In the Matter of Robert's Will, A.D. 1840, 8 Paige, 446, Chancellor Kent relied on the evidence of an expert in relation to the laws of Cuba, for the reasons we have stated above.

In the case of Vanderdonckt v. Thellusson, 8 M.G. S. 812 A.D. 1849, the court, after argument, admitted a person not a lawyer, to prove the law of Belgium as to bills of exchange. In this case it is stated in the note, that the old French Code of Commerce, (without the subsequent French modifications) was in force in Belgium.

The question before the court is, not the existence of a particular statute, but to ascertain the exact state of the law at a particular date, including its construction and effect.

In this case, the evidence offered is that of a person who testifies that he has practiced law in Havana for twenty-four years; has been the consulting lawyer of one of the tribunals, and a judge; and the book to which he refers, purporting to be the Spanish Code of Commerce of 1823, is the code of commercial law in force in that island.

It seems to us that this book is admissible in this case, as showing the law of Cuba, and to support the evidence and refresh the recollection of the witness.

The book, even if exemplified under the great seal of Spain, could not of itself show that it was law at the present date; and there are many cases where the evidence of a professional person, or one skilled virtute officii, may be much more satisfactory evidence of what the law is, than the mere exemplification of the exact words of a foreign statute, which the court may not have the necessary knowledge to construe. And it seems to us, that the requiring an exemplified copy, is pressing the rule of *454 requiring the best evidence to an extent that would often defeat the ends of justice. And for the reasons we have given, the statute alone may not be the best evidence of the actual state of the law. And there can be little danger of being imposed upon by the production of a forged or supposititious document, especially in the case of a code.

Being satisfied, therefore, that the partnership in Havana was a special one and authorized by Spanish law, the next inquiry is, what is the liability of William C. Downs, the special partner in this case.

The orders for these goods were by the general partner, Joseph, by letter or personally. No goods were ever ordered by William except once, — some ear-drops from Mr. Burrows.

Now, if the parties had remained in Havana, and the general partner had made contracts abroad by letter or otherwise, there can be no doubt but that the extent to which he could bind his copartners and make them liable for his acts, would depend upon the law of the place of the partnership; the extent to which they had made him their agent with power to bind them, would be regulated by the law of Cuba. And if the general partner himself went abroad, (the special partners remaining at home,) his authority to bind them would still be regulated by the law of Cuba. Westlake, Conflict of Laws, §§ 211, 222. Story's Conflict of Laws, § 320 a. Savigny, Private International Law, (Guthrie's edition,) 190. Foelix, Droit International Prive, 2, § 311.

But the plaintiffs offer evidence to show that the defendant, W.C. Downs, was in New York in the summer of 1865, and there represented himself as a partner, and, as they contend, a general partner in the firm. Of course, if he was actually a general partner, he would be liable for the whole amount.

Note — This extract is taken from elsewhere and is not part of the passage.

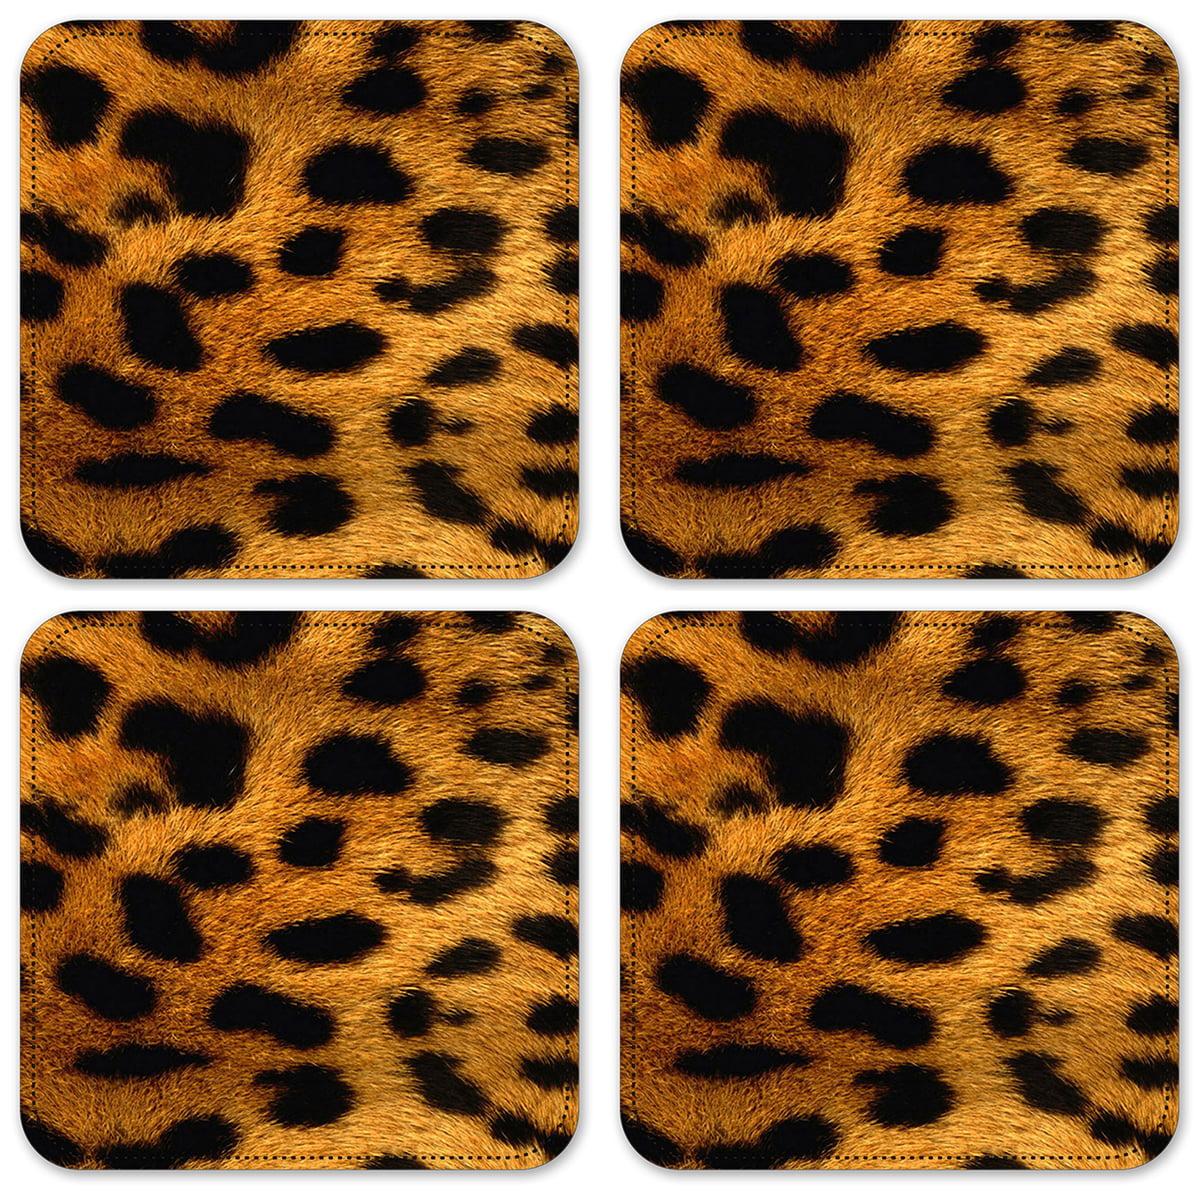 Drink Coasters Entertaining Cloth Fabric Coasters Housewarming Gift Mug Rug Kitchen Table Linen Leopard Jungle Print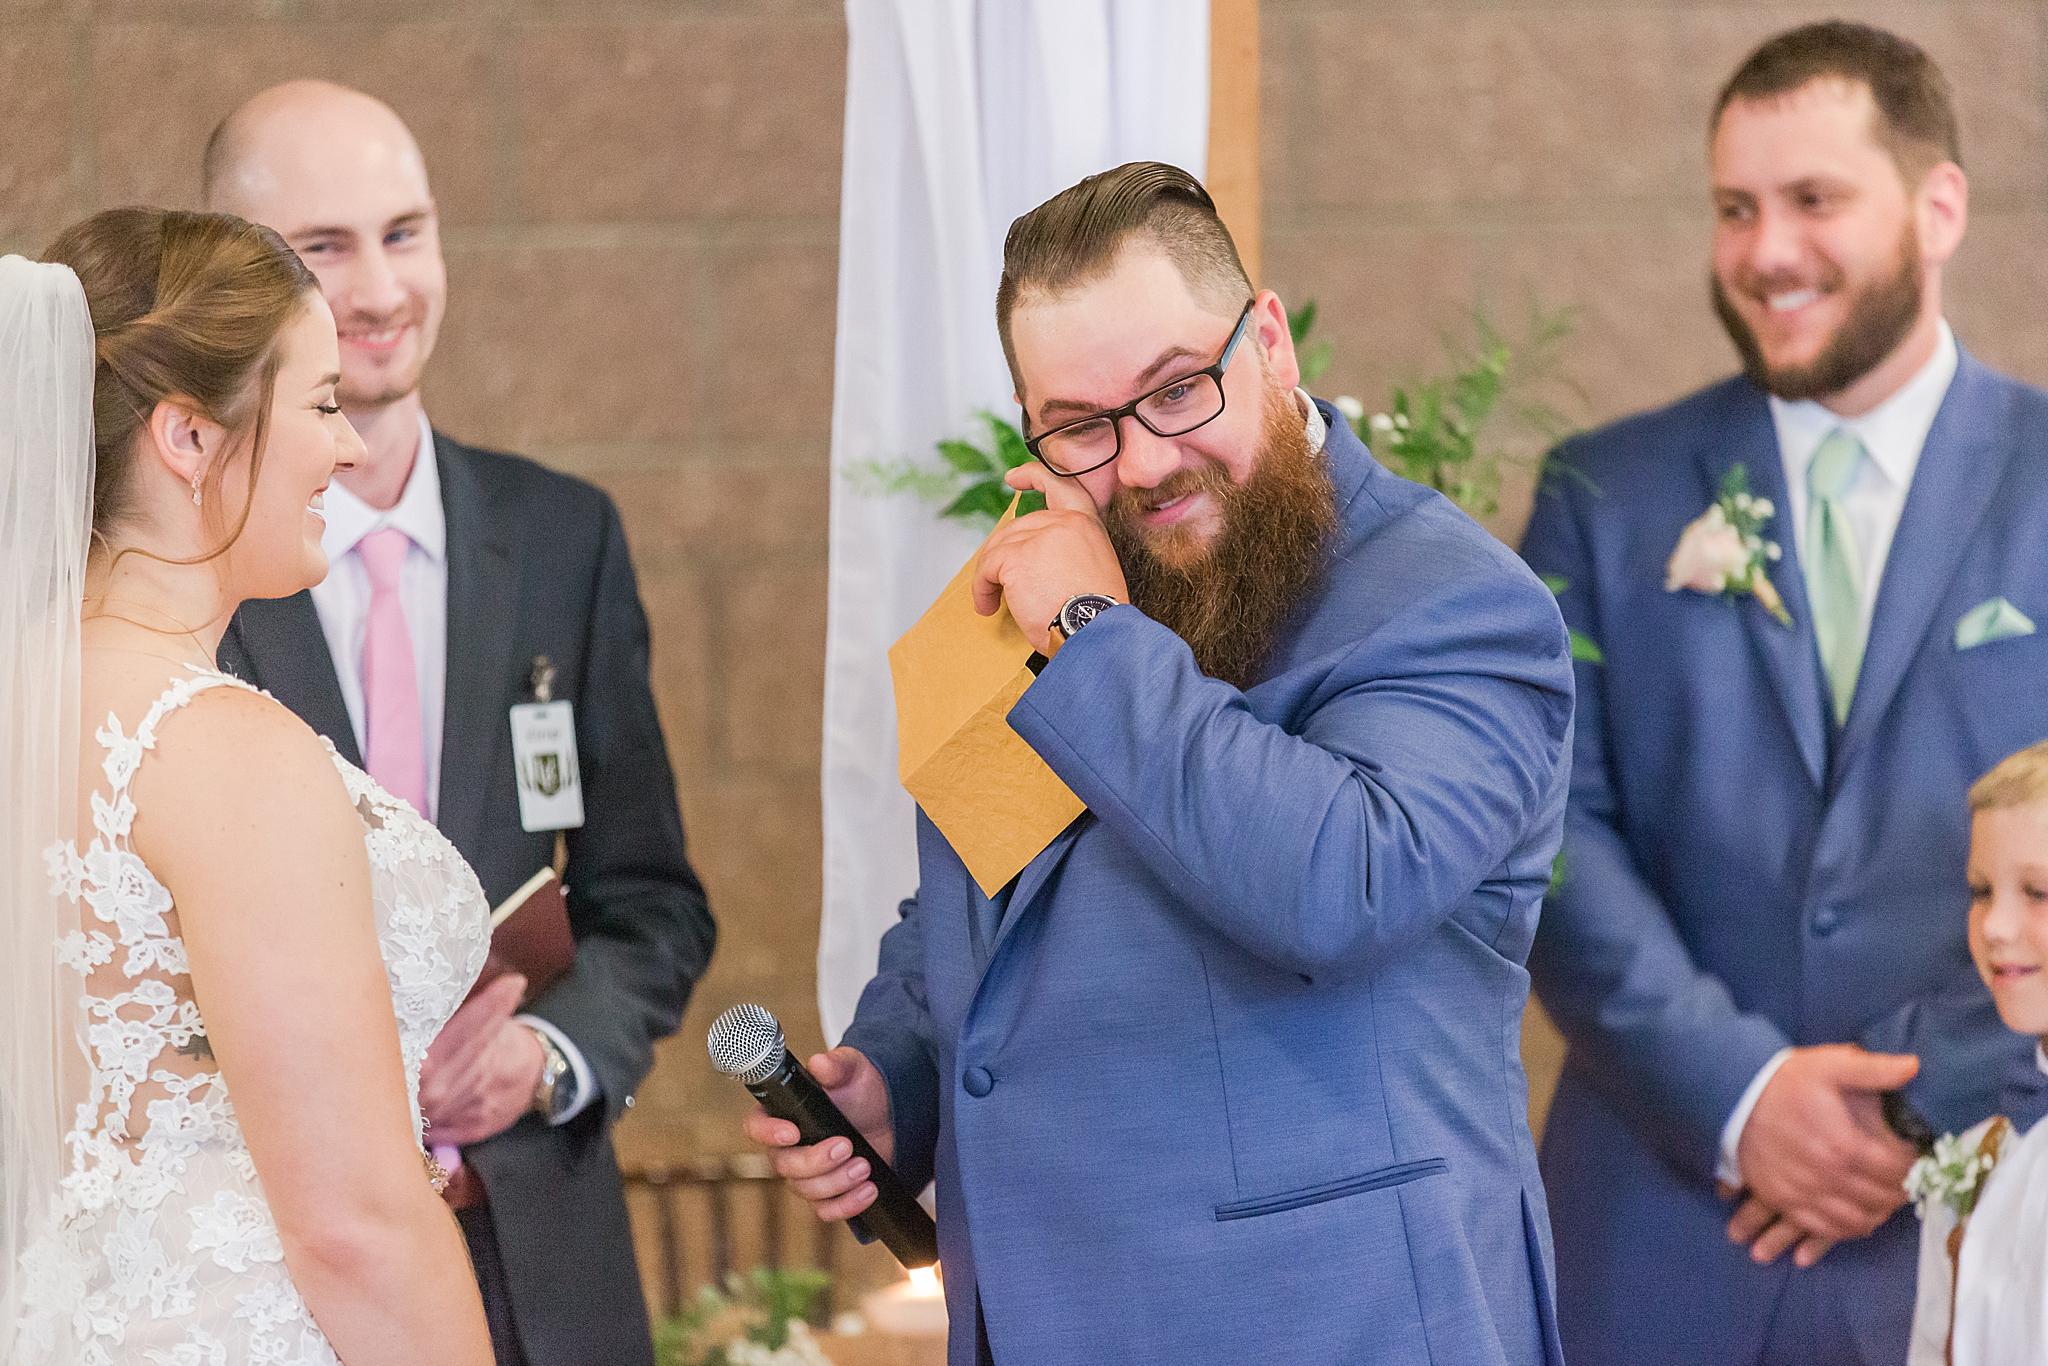 detroit-wedding-photographer-brownstown-event-center-wedding-photos-sam-josh-by-courtney-carolyn-photography_0039.jpg

And if he was not a general partner in fact, yet if he made such representations to these parties as to his interest in the concern, his responsibility, and his share in the profits, as to lead them to suppose he was a partner personally liable, and the goods or any portion of them were advanced on the strength of his representations, then he should be liable for all so advanced. *455

And this is the view we take from all the evidence in the case; that the defendant should be held liable for all the goods advanced after these representations made in the summer of 1865.

Judgment for plaintiffs for $2,054 61 and costs.